> THE TASK
Lower down are entries containing pictures. Copy exactly, without those pictures, the lines from the line with "Cartoon Raccoon Cop." through the line with "Example of process".

> DATA TO EXAMINE
"""
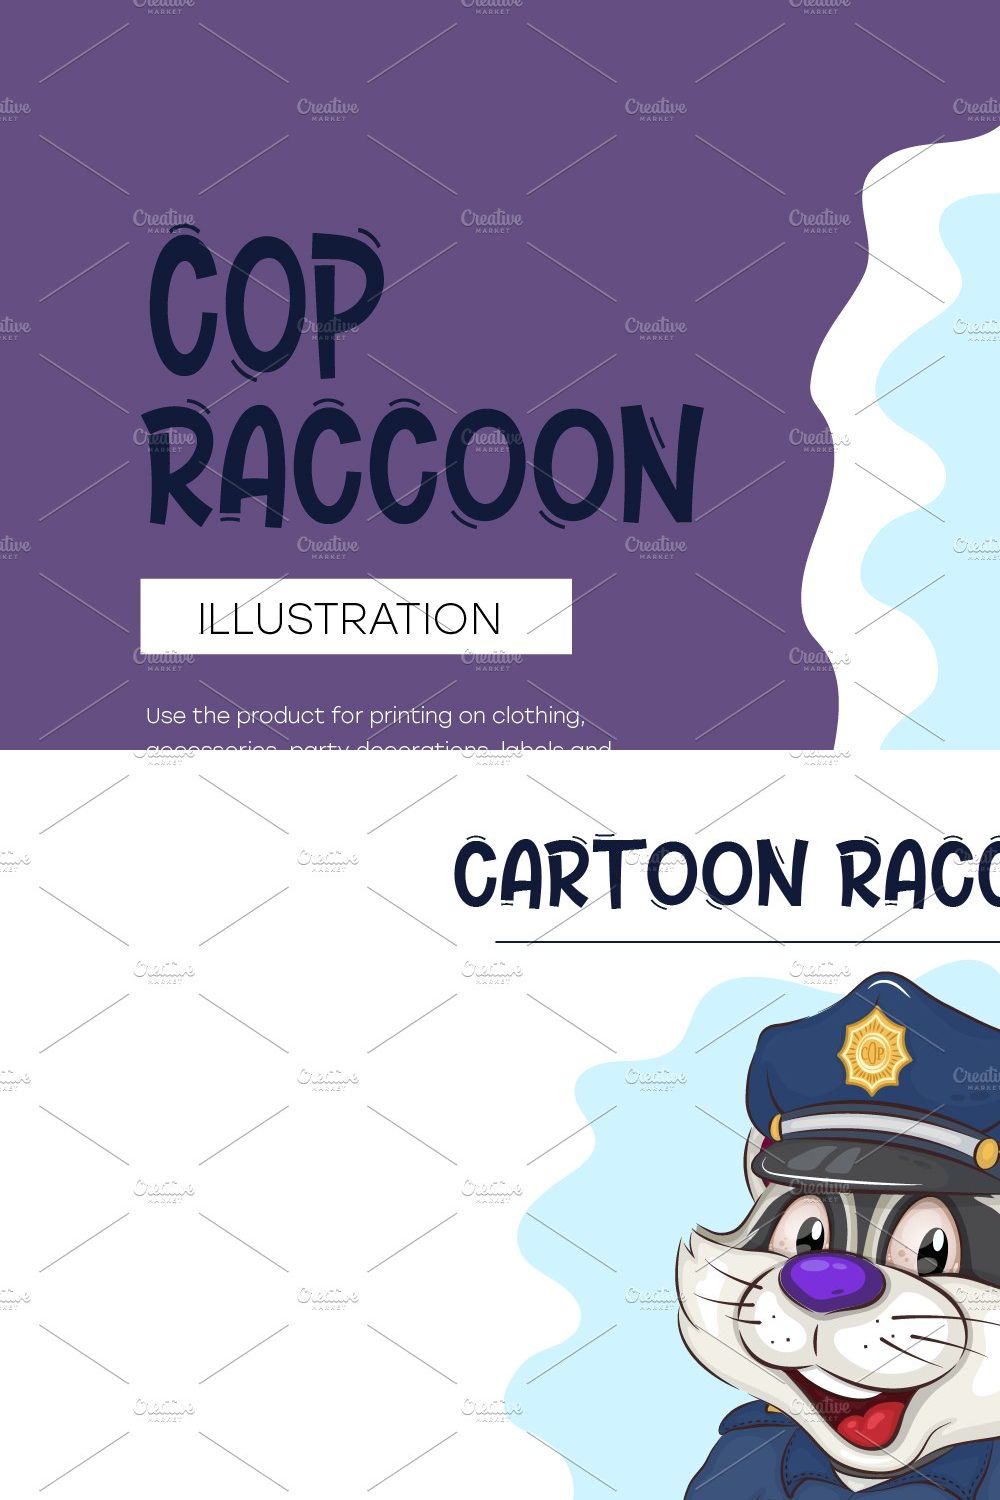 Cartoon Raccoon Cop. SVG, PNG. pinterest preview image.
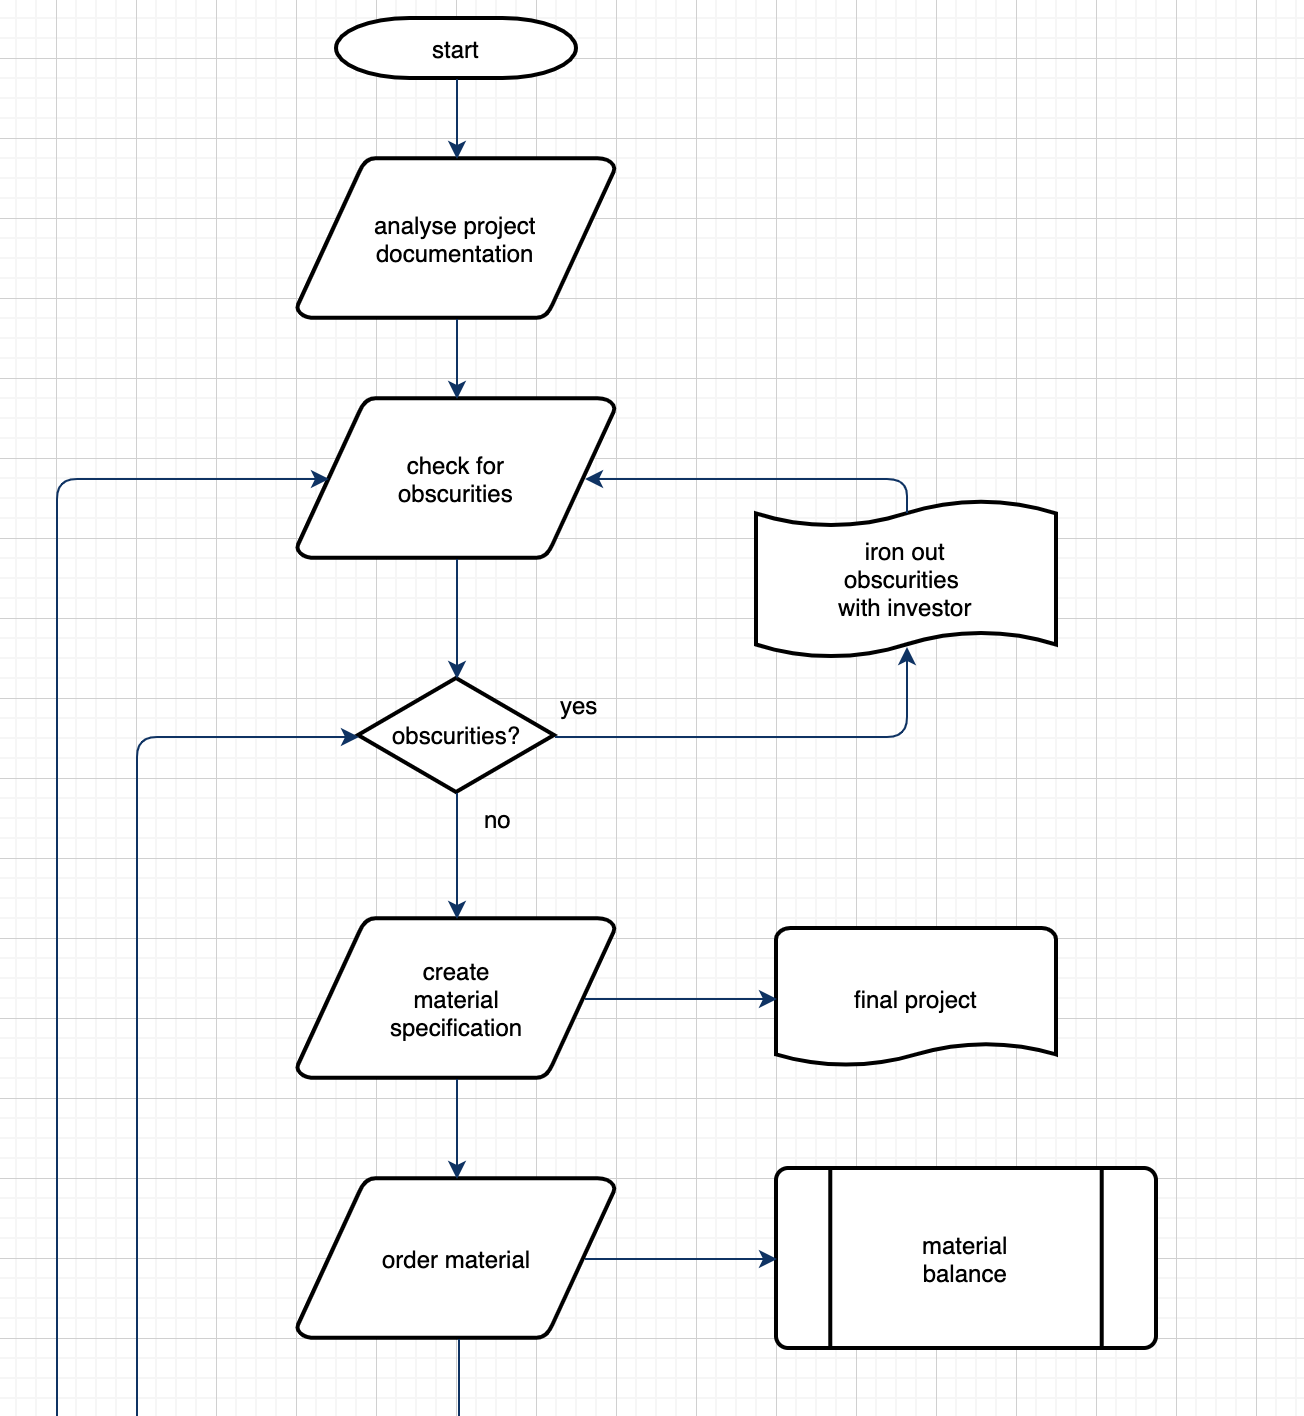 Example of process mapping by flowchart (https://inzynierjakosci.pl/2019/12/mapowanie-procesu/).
"""
"""
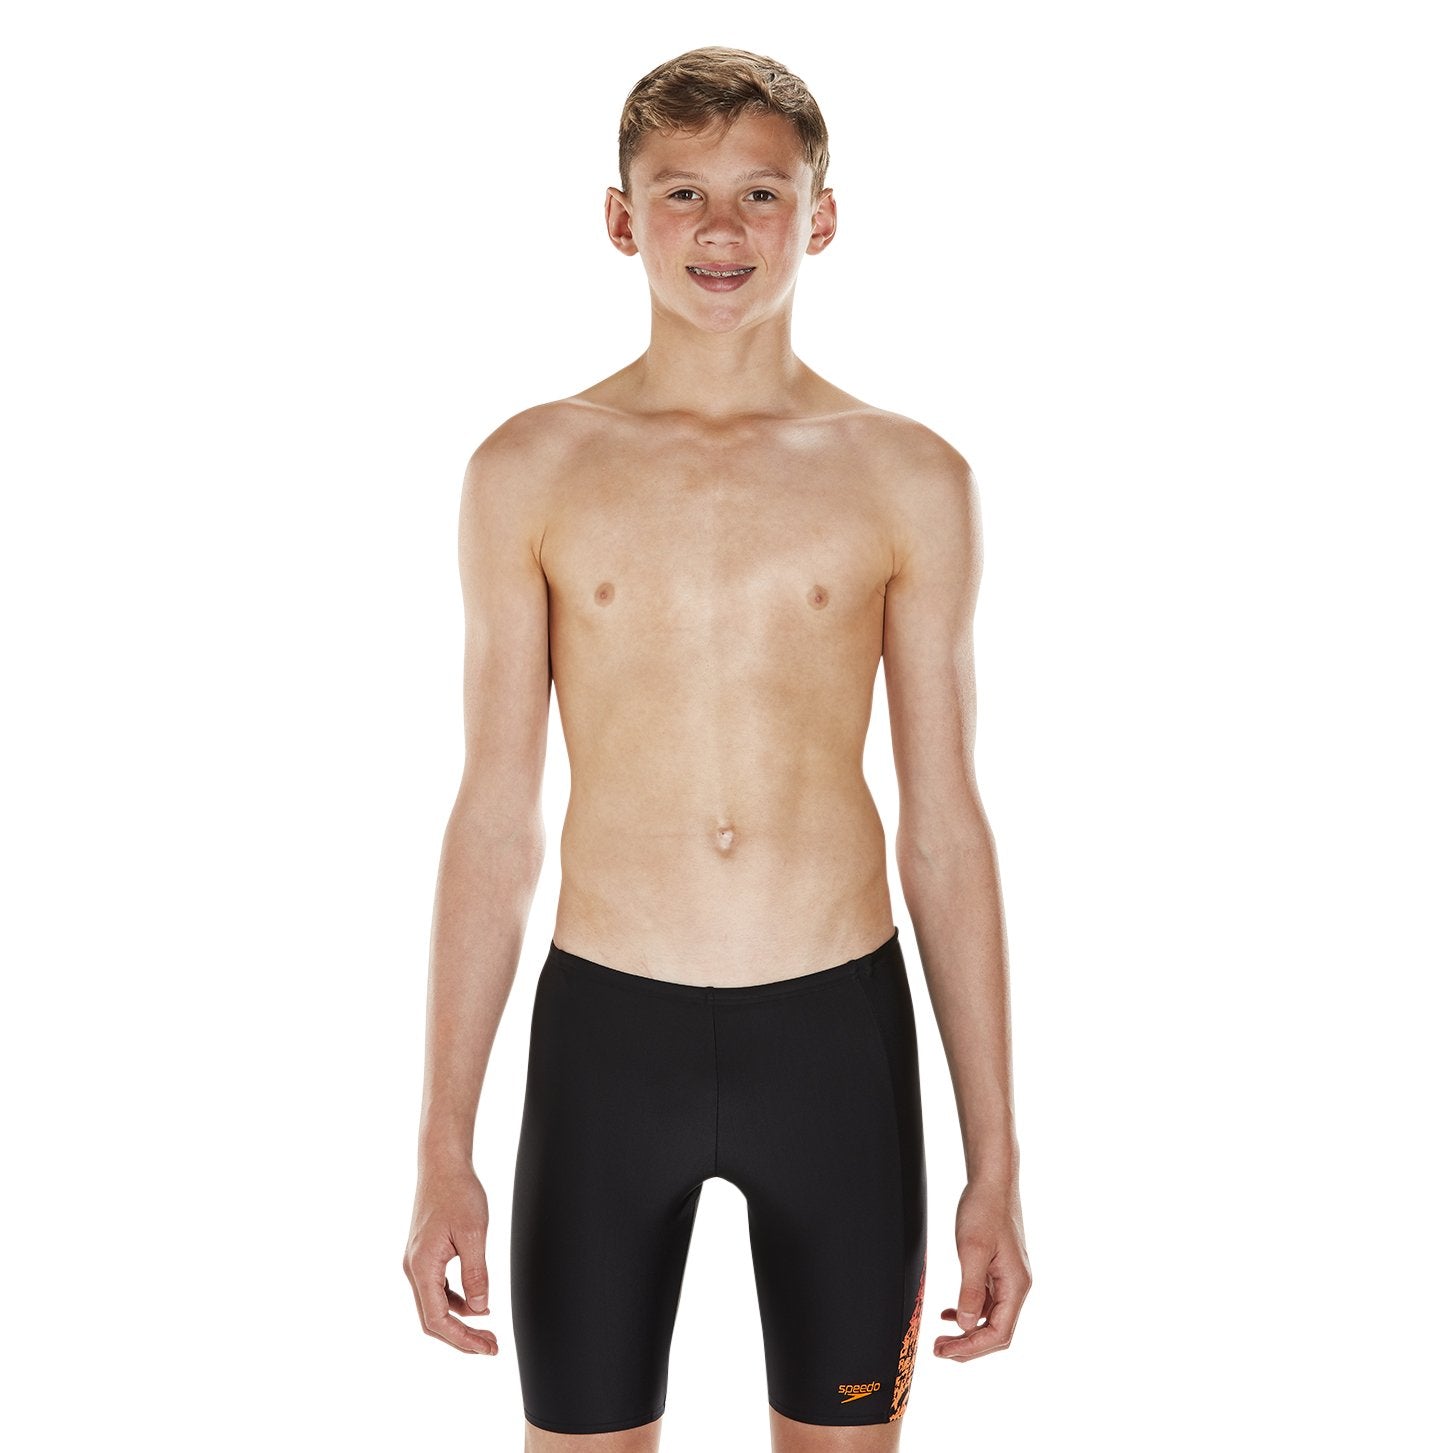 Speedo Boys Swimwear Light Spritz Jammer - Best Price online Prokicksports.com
"""
> REPLY
 Cartoon Raccoon Cop. SVG, PNG. pinterest preview image.
 Example of process mapping by flowchart (https://inzynierjakosci.pl/2019/12/mapowanie-procesu/).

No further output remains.